_Data shown_:
▬▬▬▬▬▬▬▬▬▬
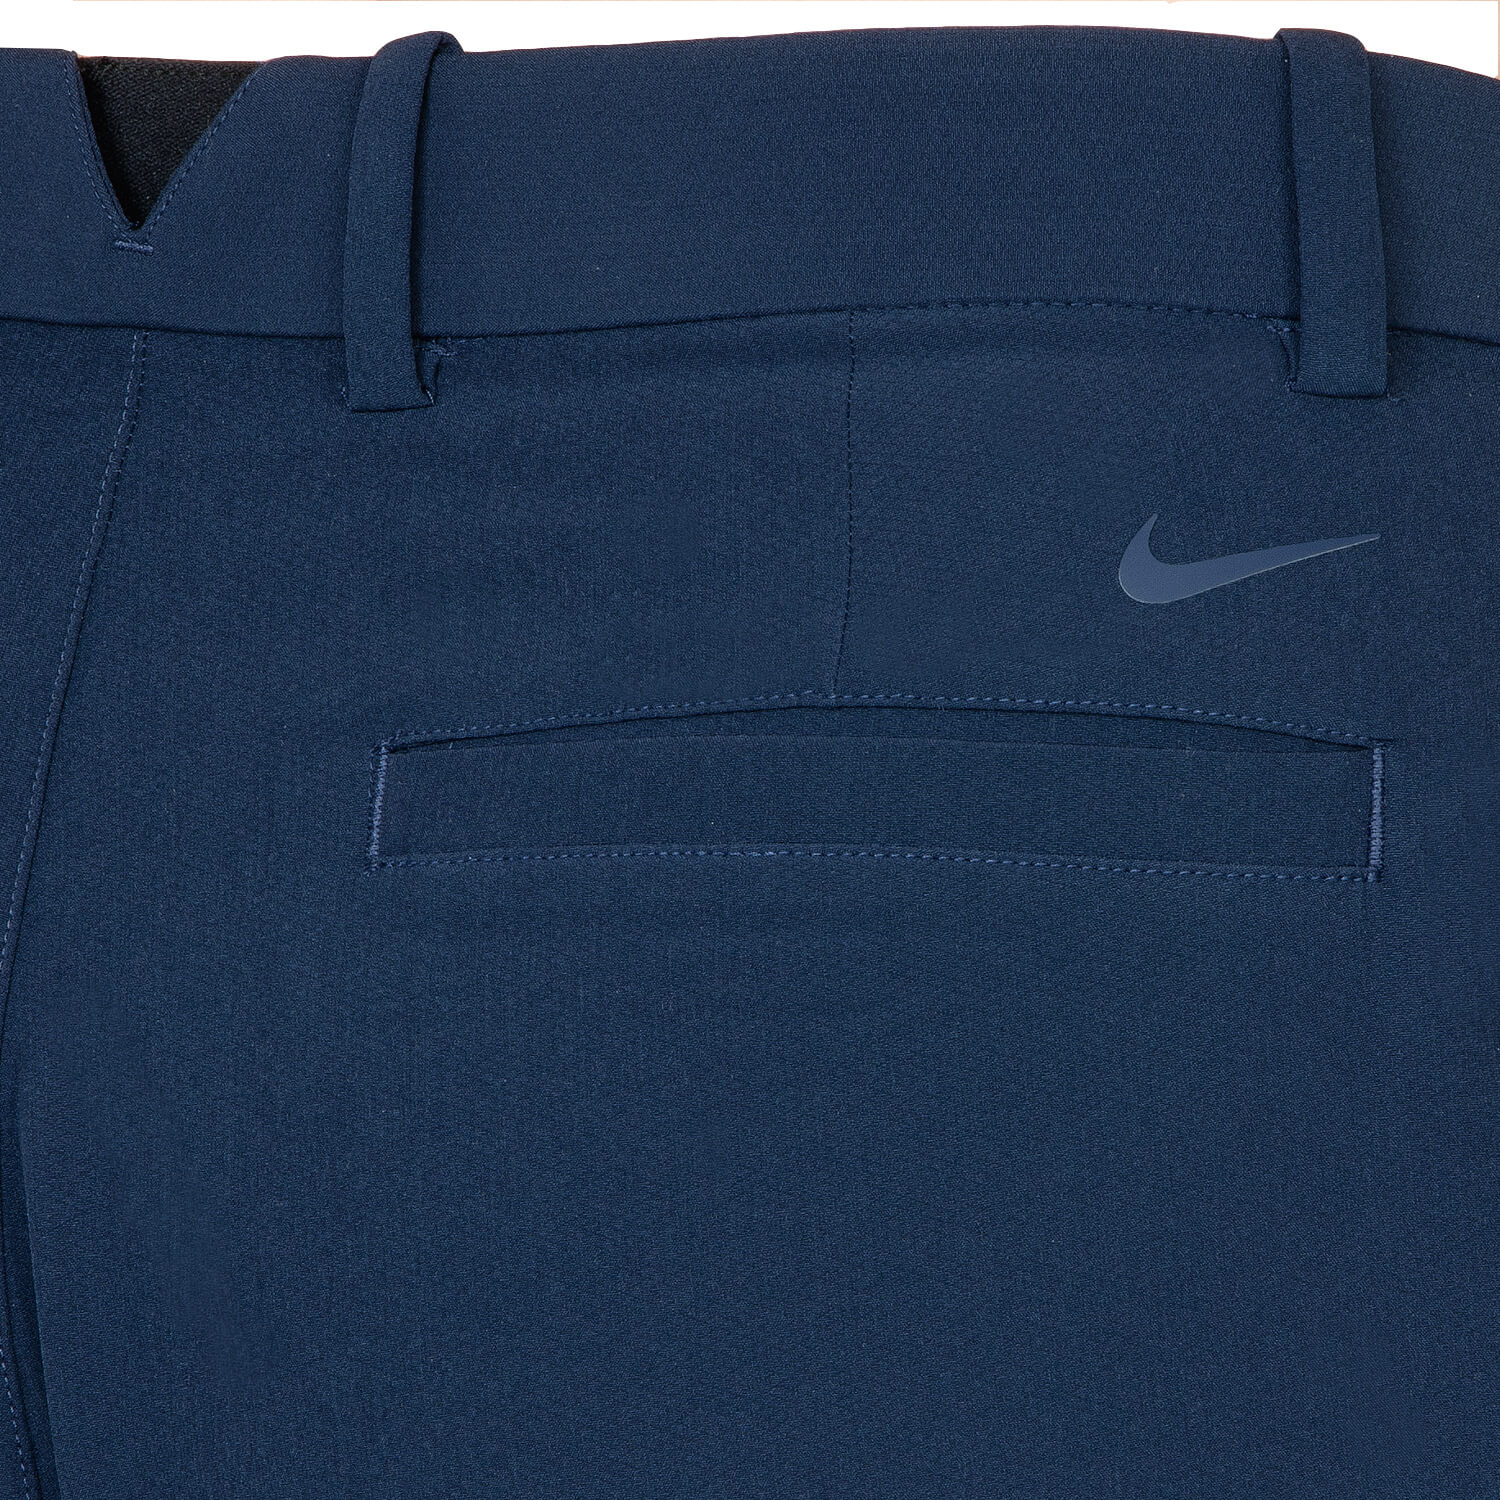 Nike Hybrid Golf Shorts Obsidian | Scottsdale Golf
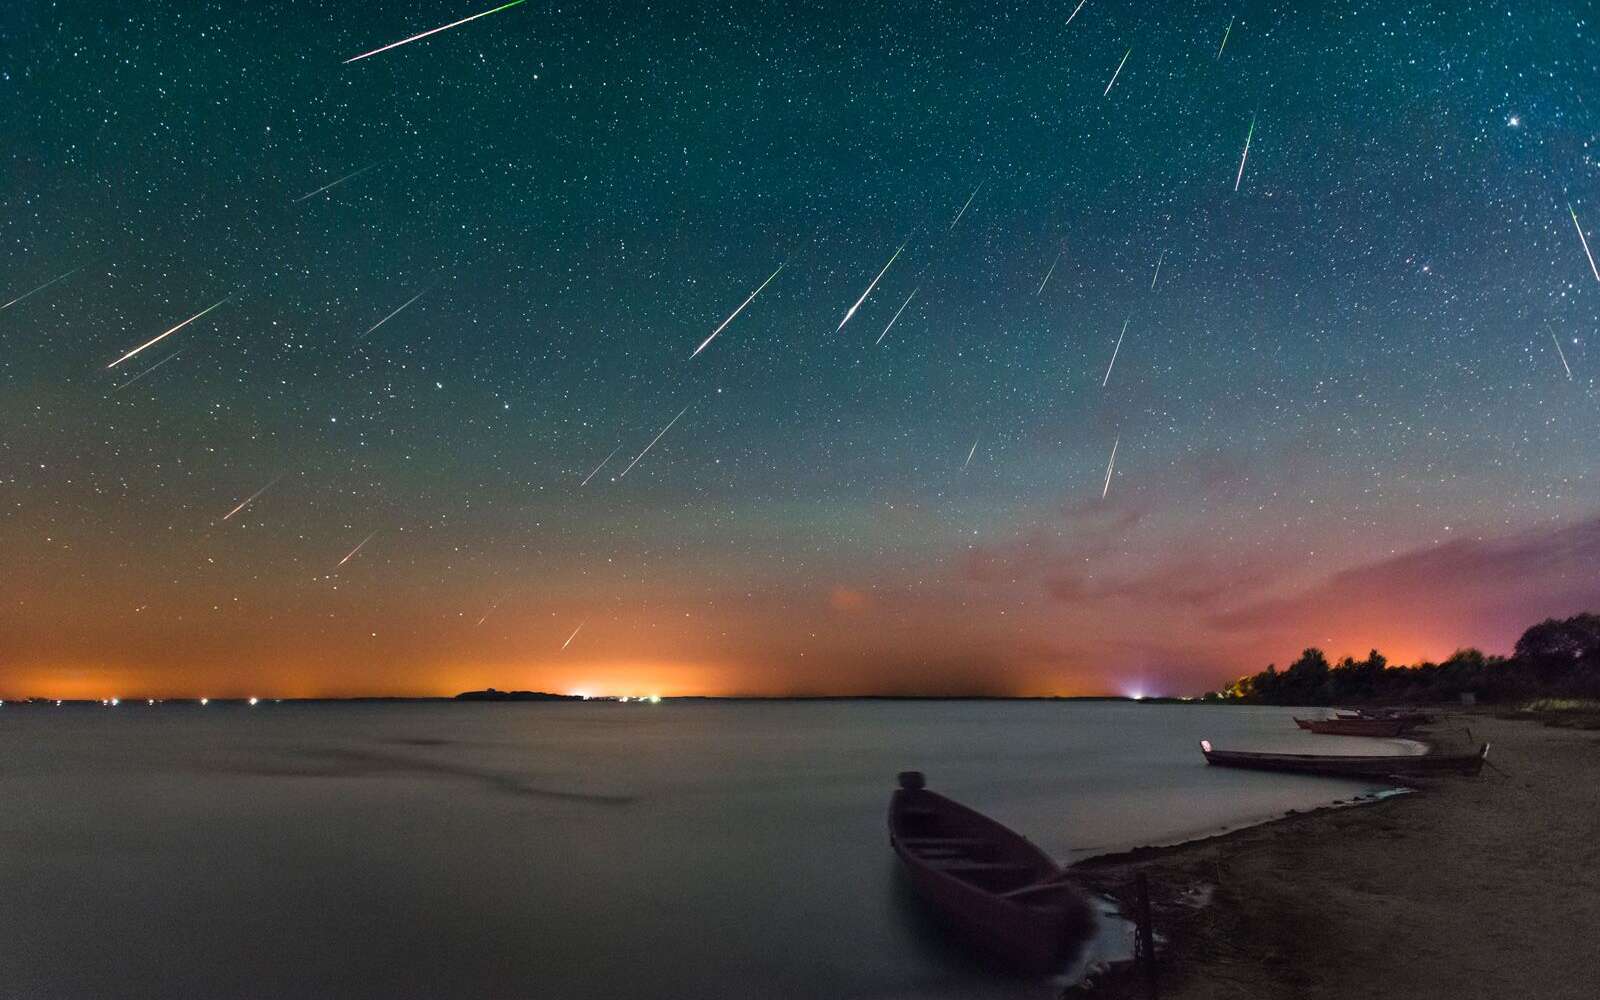 Image composite réunissant deux heures d’exposition de la pluie annuelle d’étoiles filantes, les Perséides, le 12 août 2016 (nuit du maximum d’activité), au-dessus du lac Svityaz, en Ukraine. © Ihor Khomych, via Spaceweather
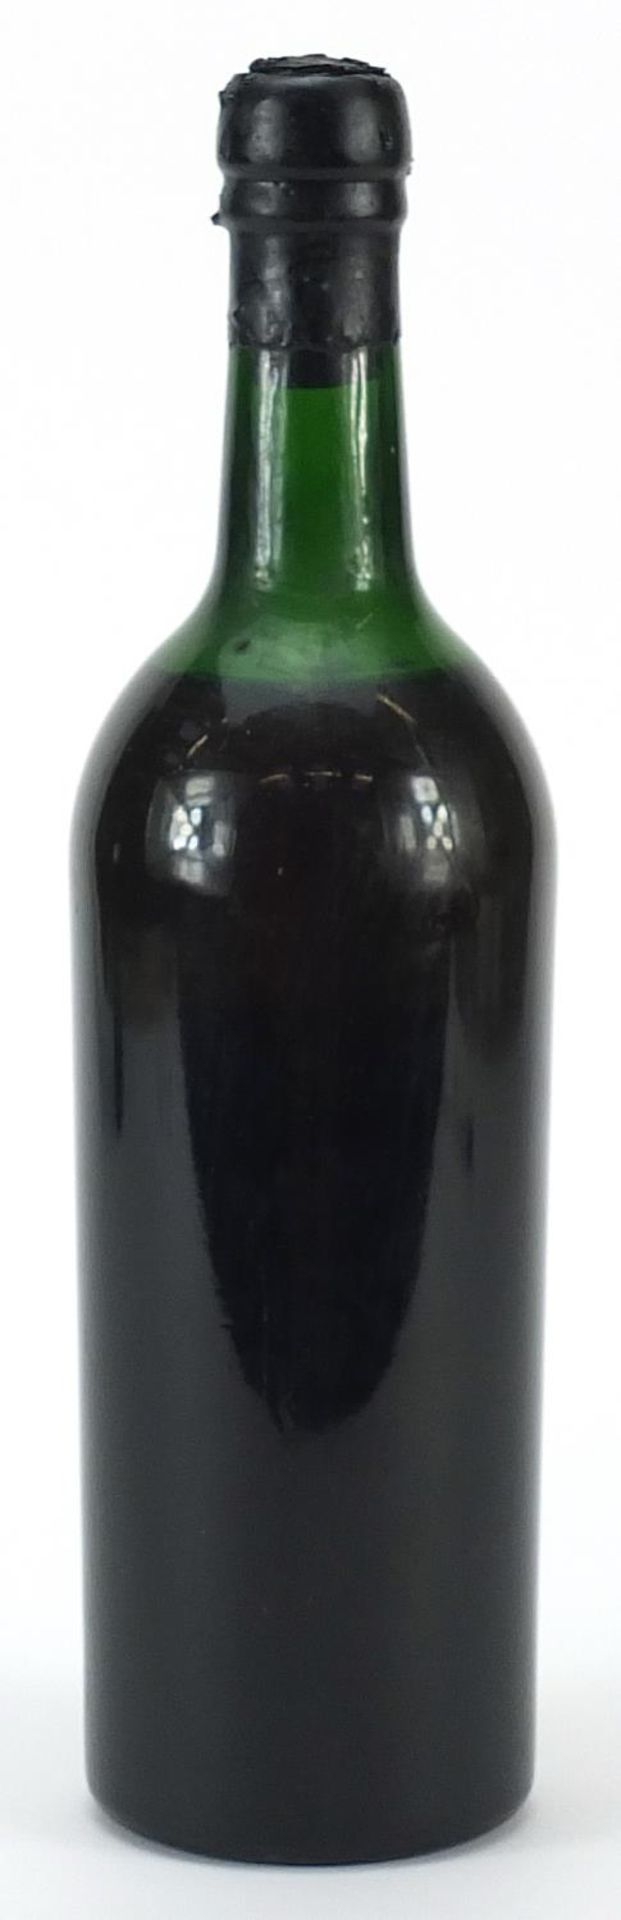 Bottle of vintage 1966 Dows port - Image 2 of 2
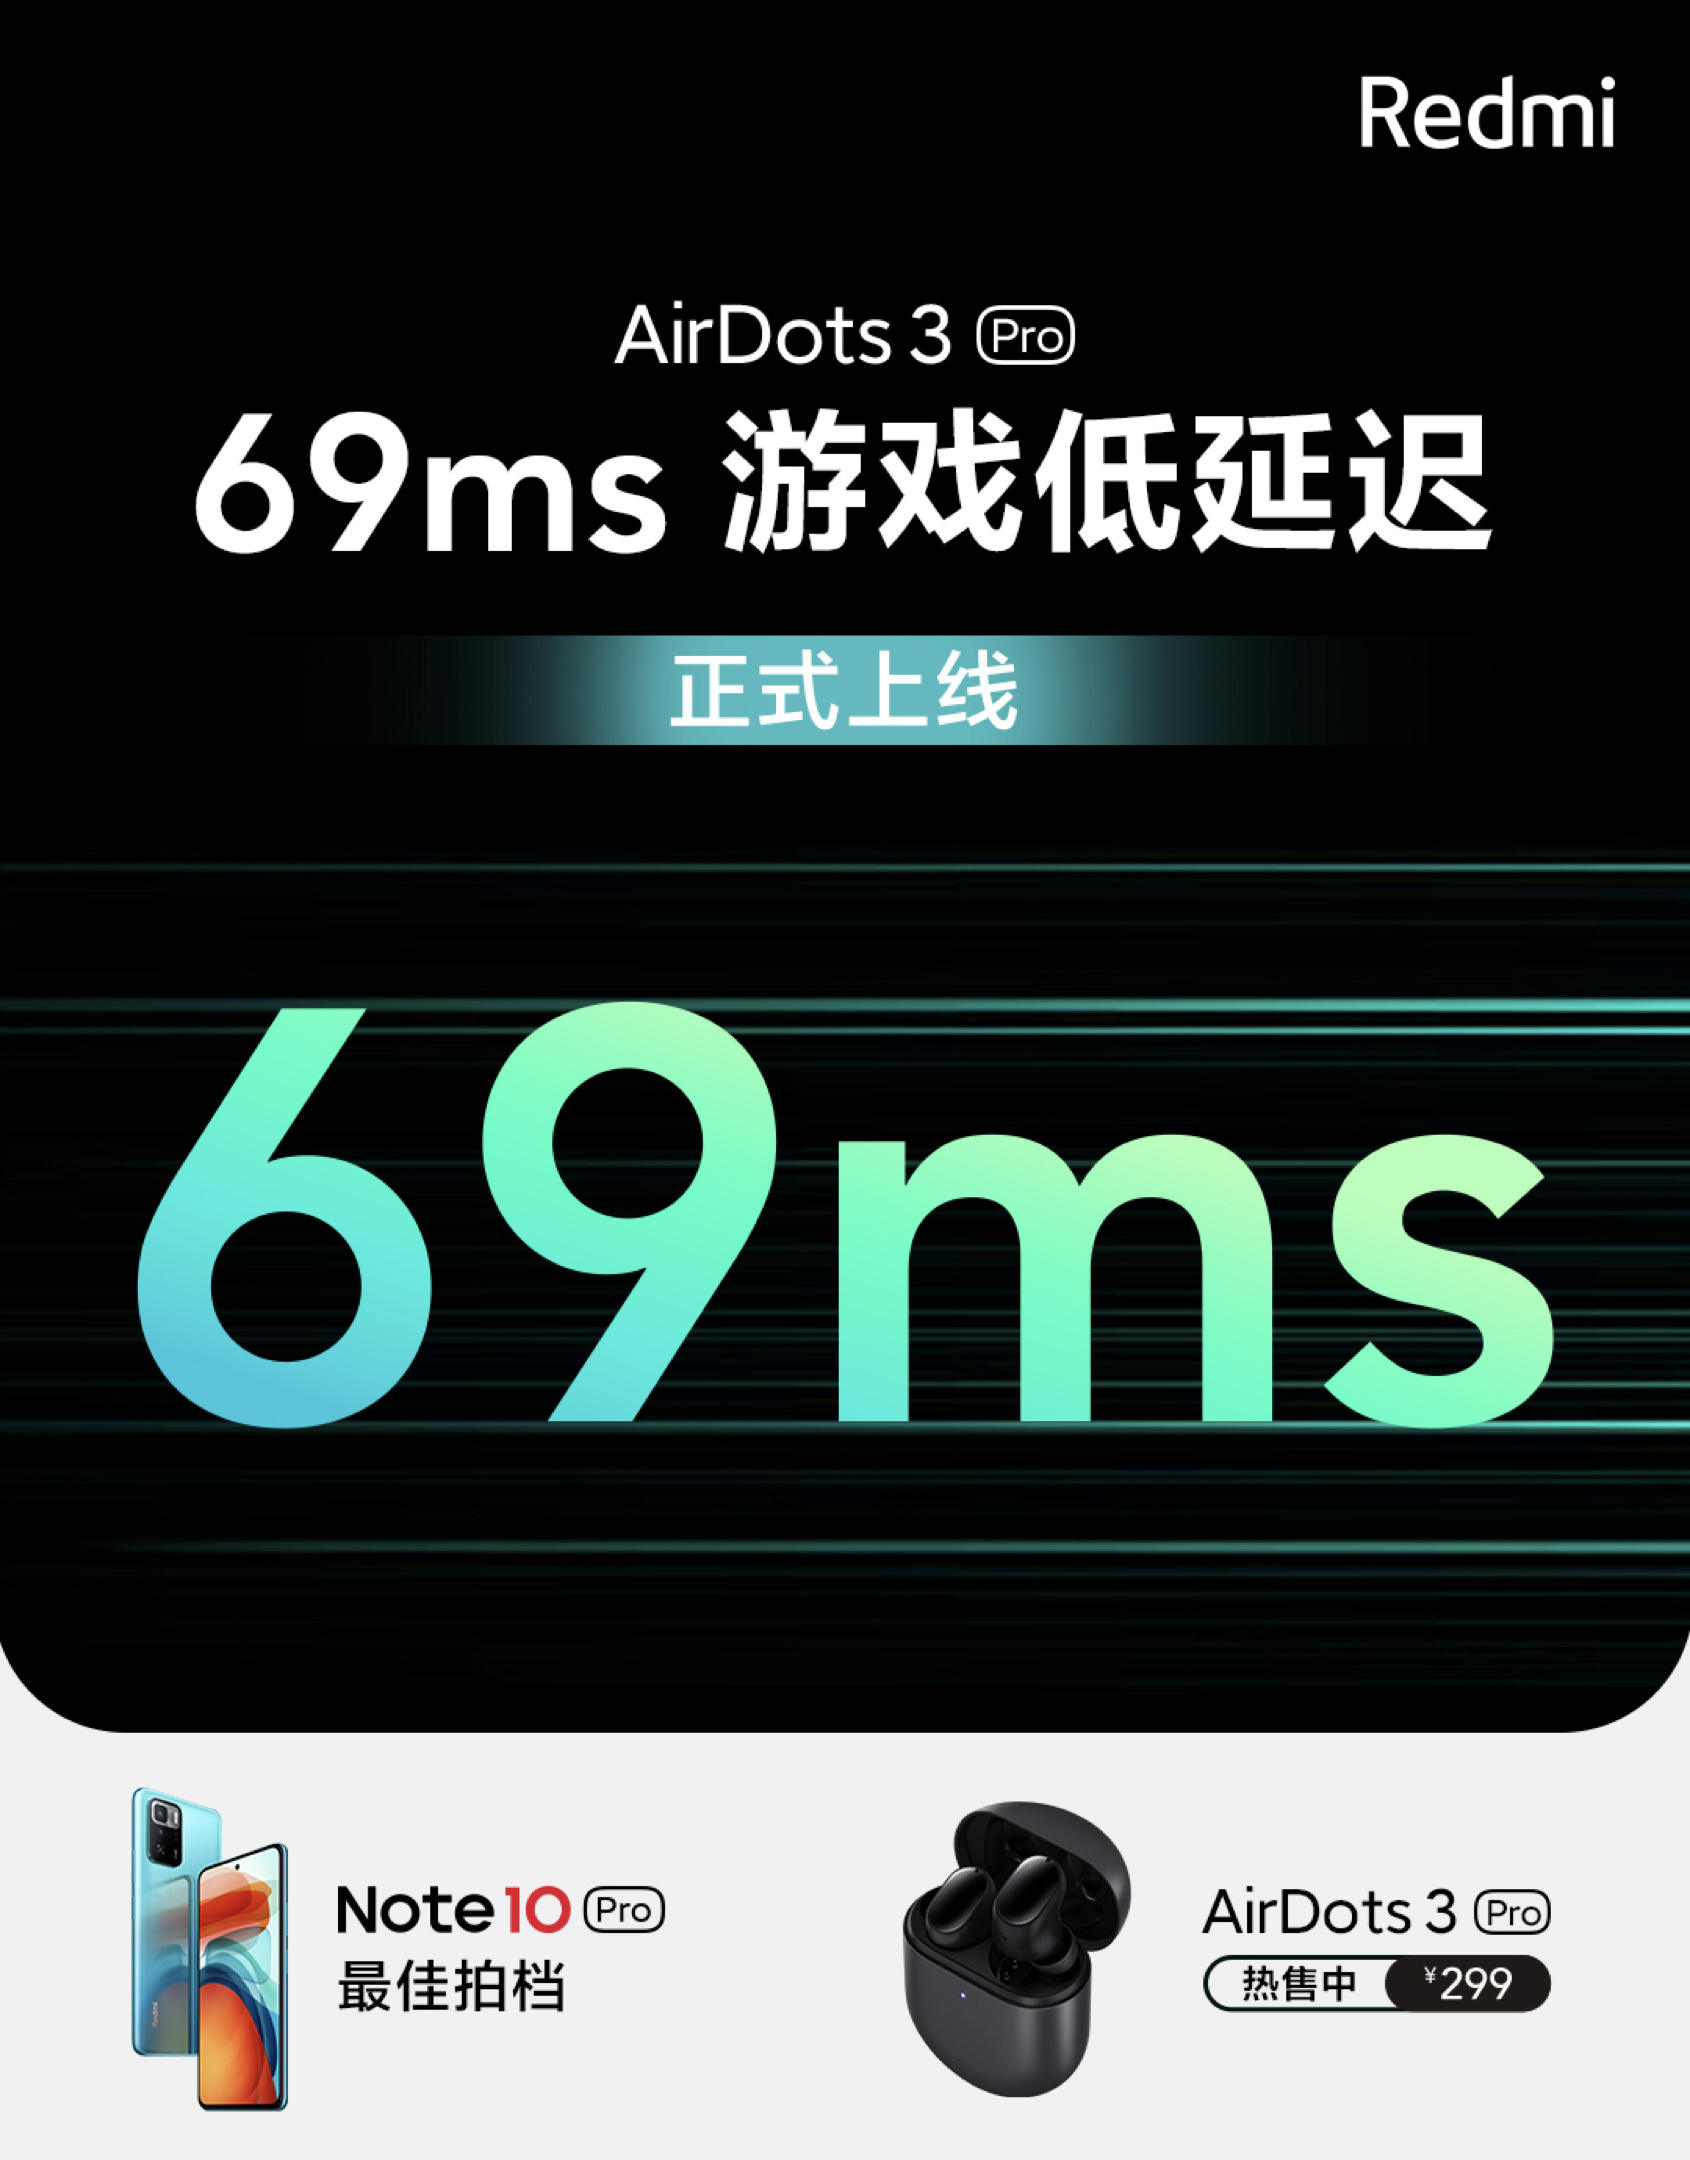 低至69ms！红米AirDots 3 Pro游戏低延迟功能上线-我爱音频网
▬▬▬▬▬▬▬▬▬▬
_What needs to be done_: Retype the material in full, exactly as written, and exclude the pictures.

_Solution to this exercise_:
 Nike Hybrid Golf Shorts Obsidian | Scottsdale Golf
 Image composite réunissant deux heures d’exposition de la pluie annuelle d’étoiles filantes, les Perséides, le 12 août 2016 (nuit du maximum d’activité), au-dessus du lac Svityaz, en Ukraine. © Ihor Khomych, via Spaceweather
 Bottle of vintage 1966 Dows port - Image 2 of 2
 低至69ms！红米AirDots 3 Pro游戏低延迟功能上线-我爱音频网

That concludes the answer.